=== Exercise objective ===
No pictures, nothing altered: return the data below.

=== Data segment ===
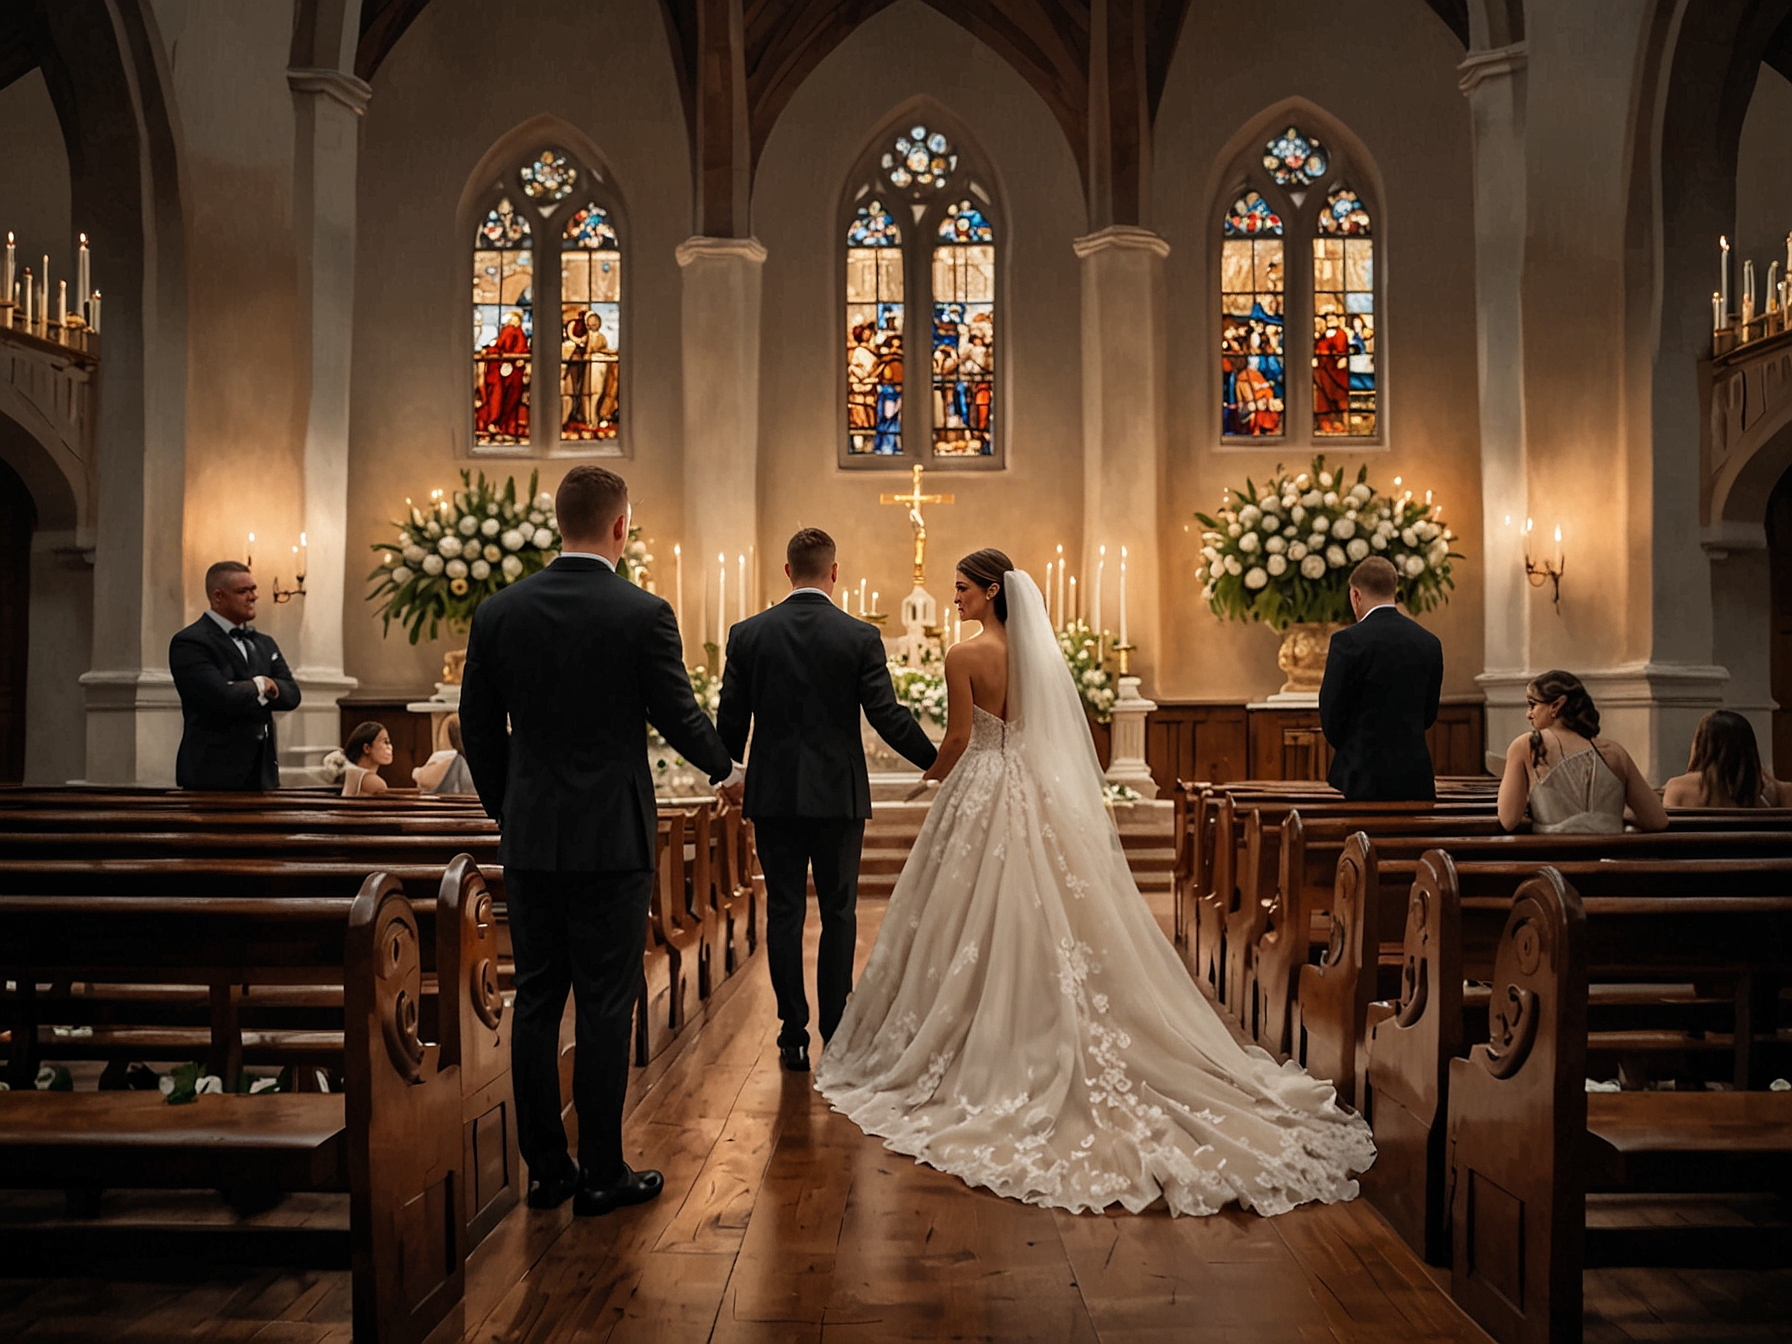 Olivia Culpo and Christian McCaffrey exchange heartfelt vows in a beautifully adorned church filled with flowers and candlelight, capturing the emotional moment of their union.
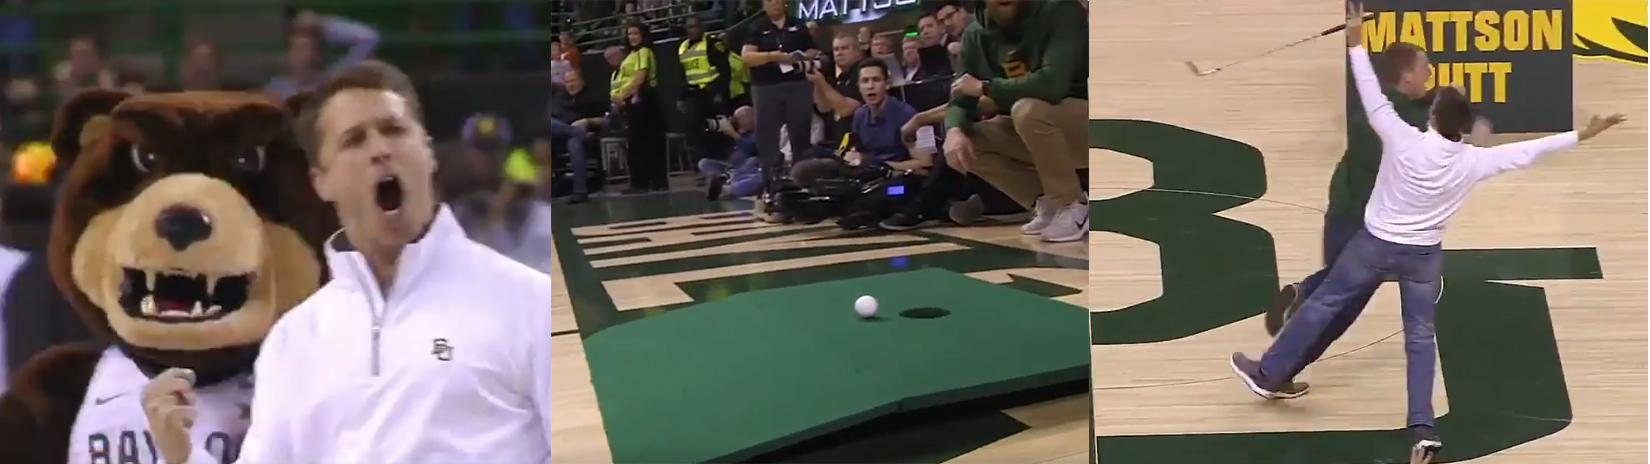 $5000 Putt at College Basketball Game
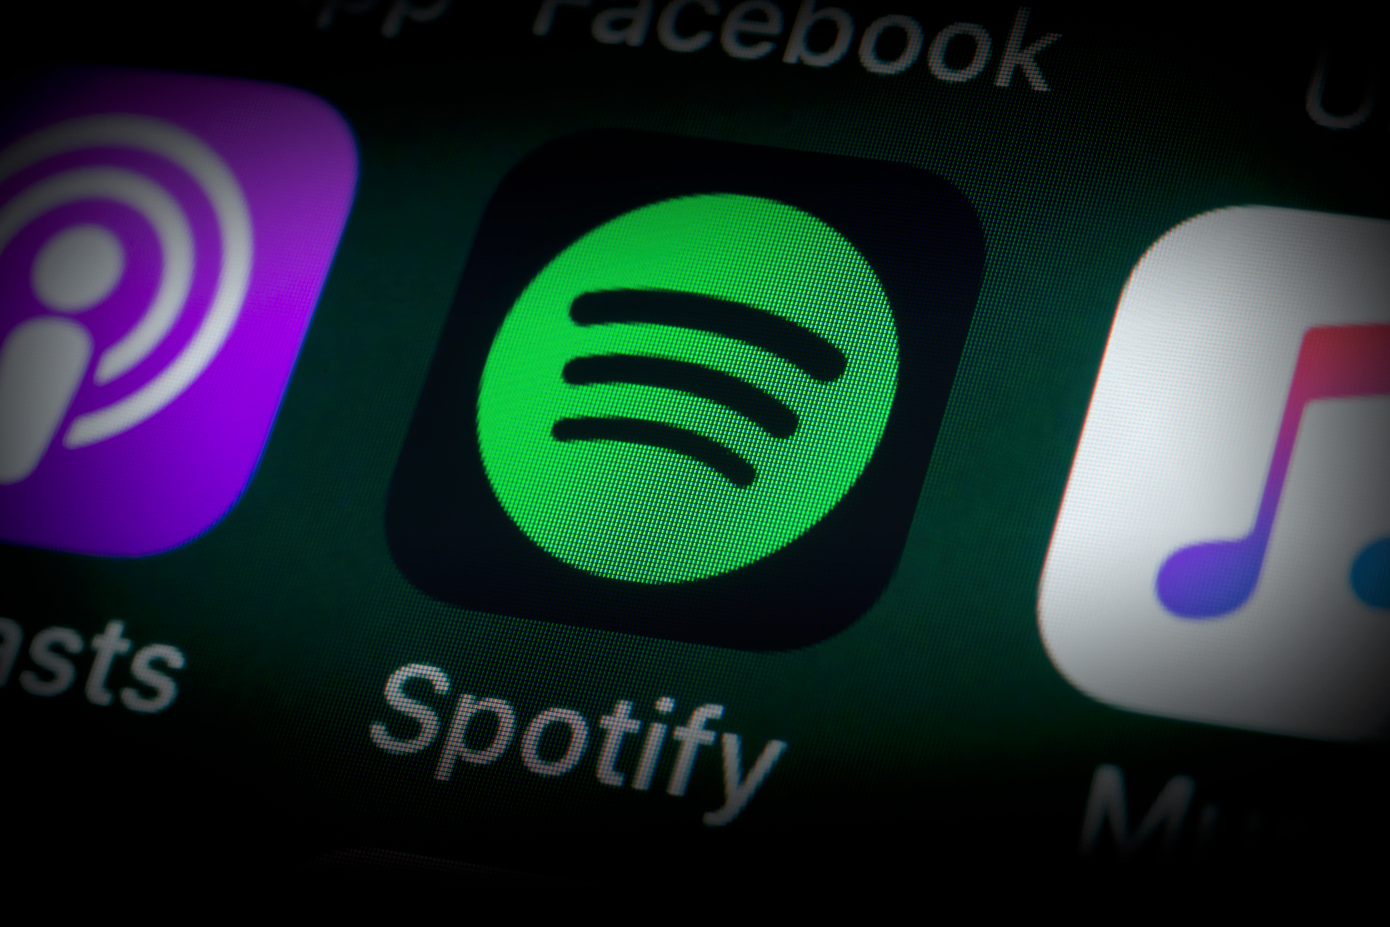 You will be able to subscribe to Spotify without going through Google payment

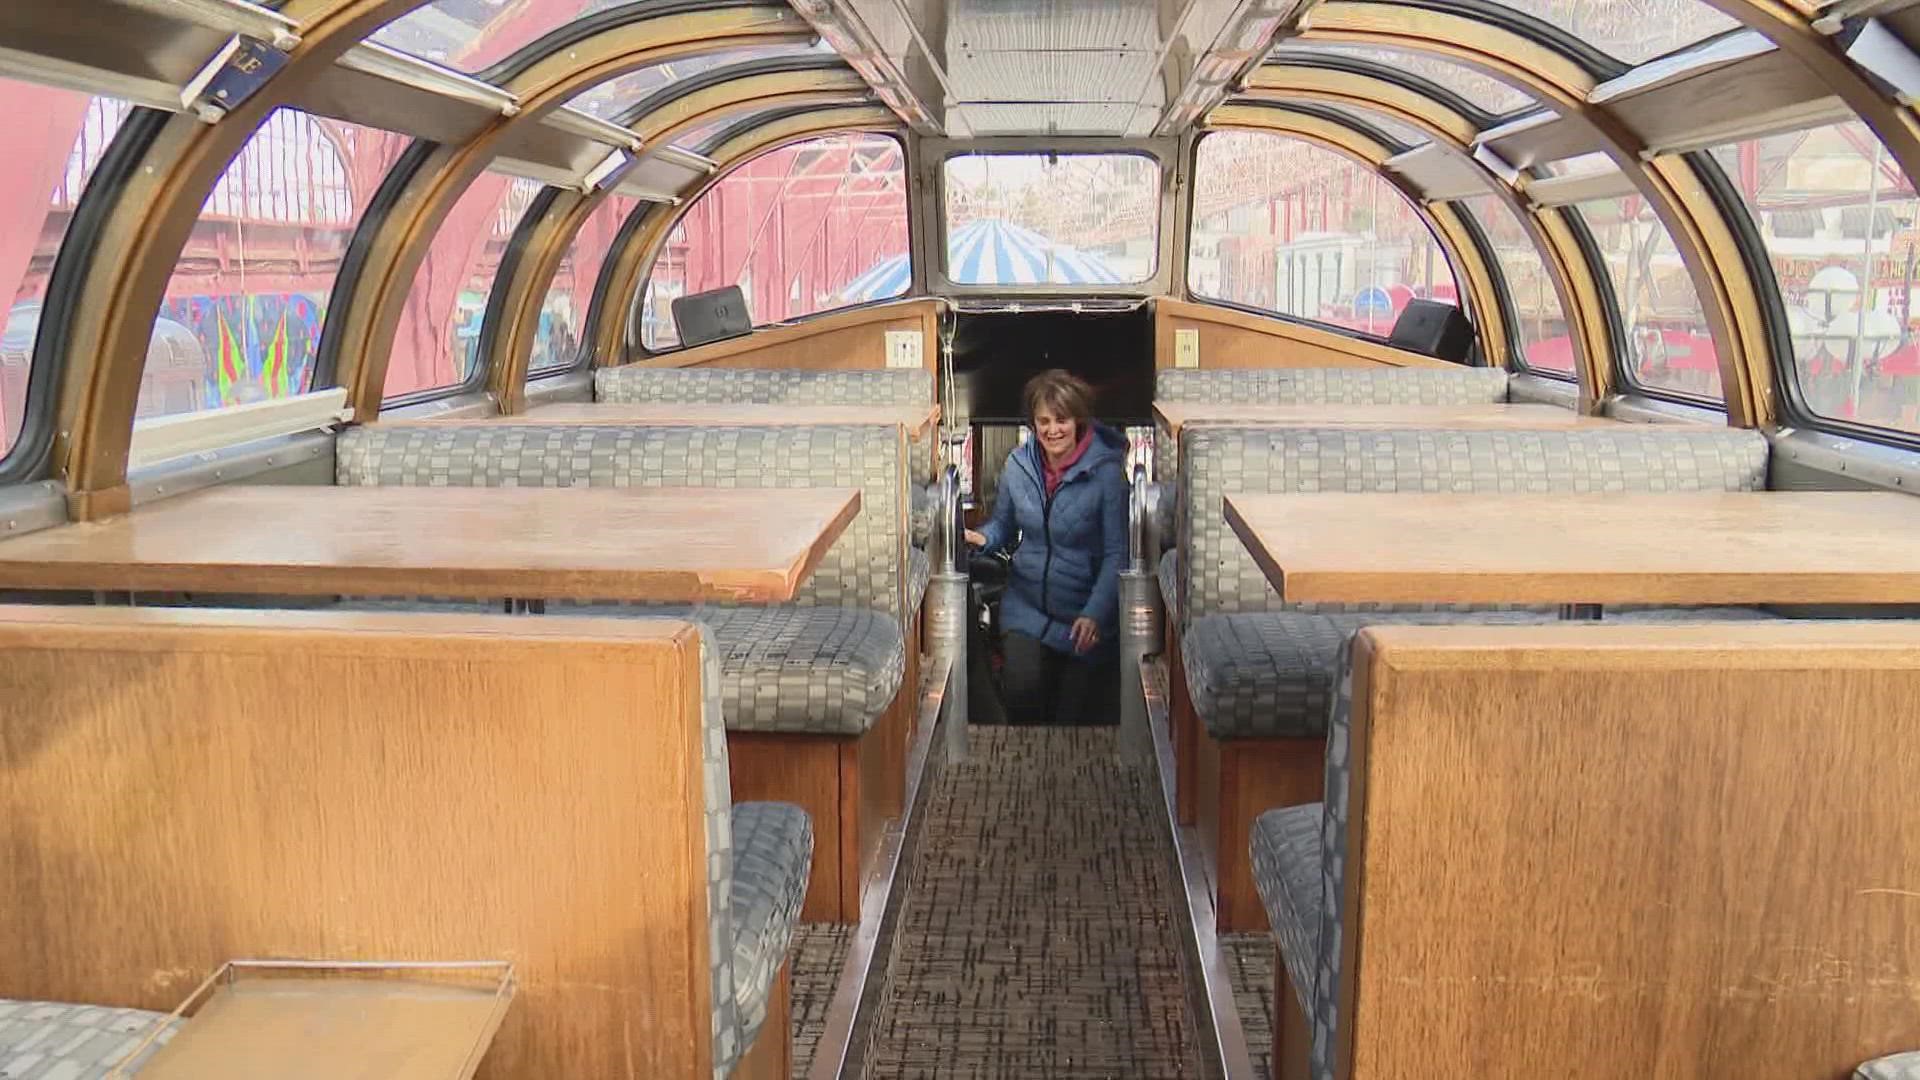 This adults-only train ride offers cool views of the St. Louis skyline on its way to the North Pole.

=== Answer to the problem ===
 Olivia Culpo and Christian McCaffrey exchange heartfelt vows in a beautifully adorned church filled with flowers and candlelight, capturing the emotional moment of their union.
 $5000 Putt at College Basketball Game
 You will be able to subscribe to Spotify without going through Google payment

 This adults-only train ride offers cool views of the St. Louis skyline on its way to the North Pole.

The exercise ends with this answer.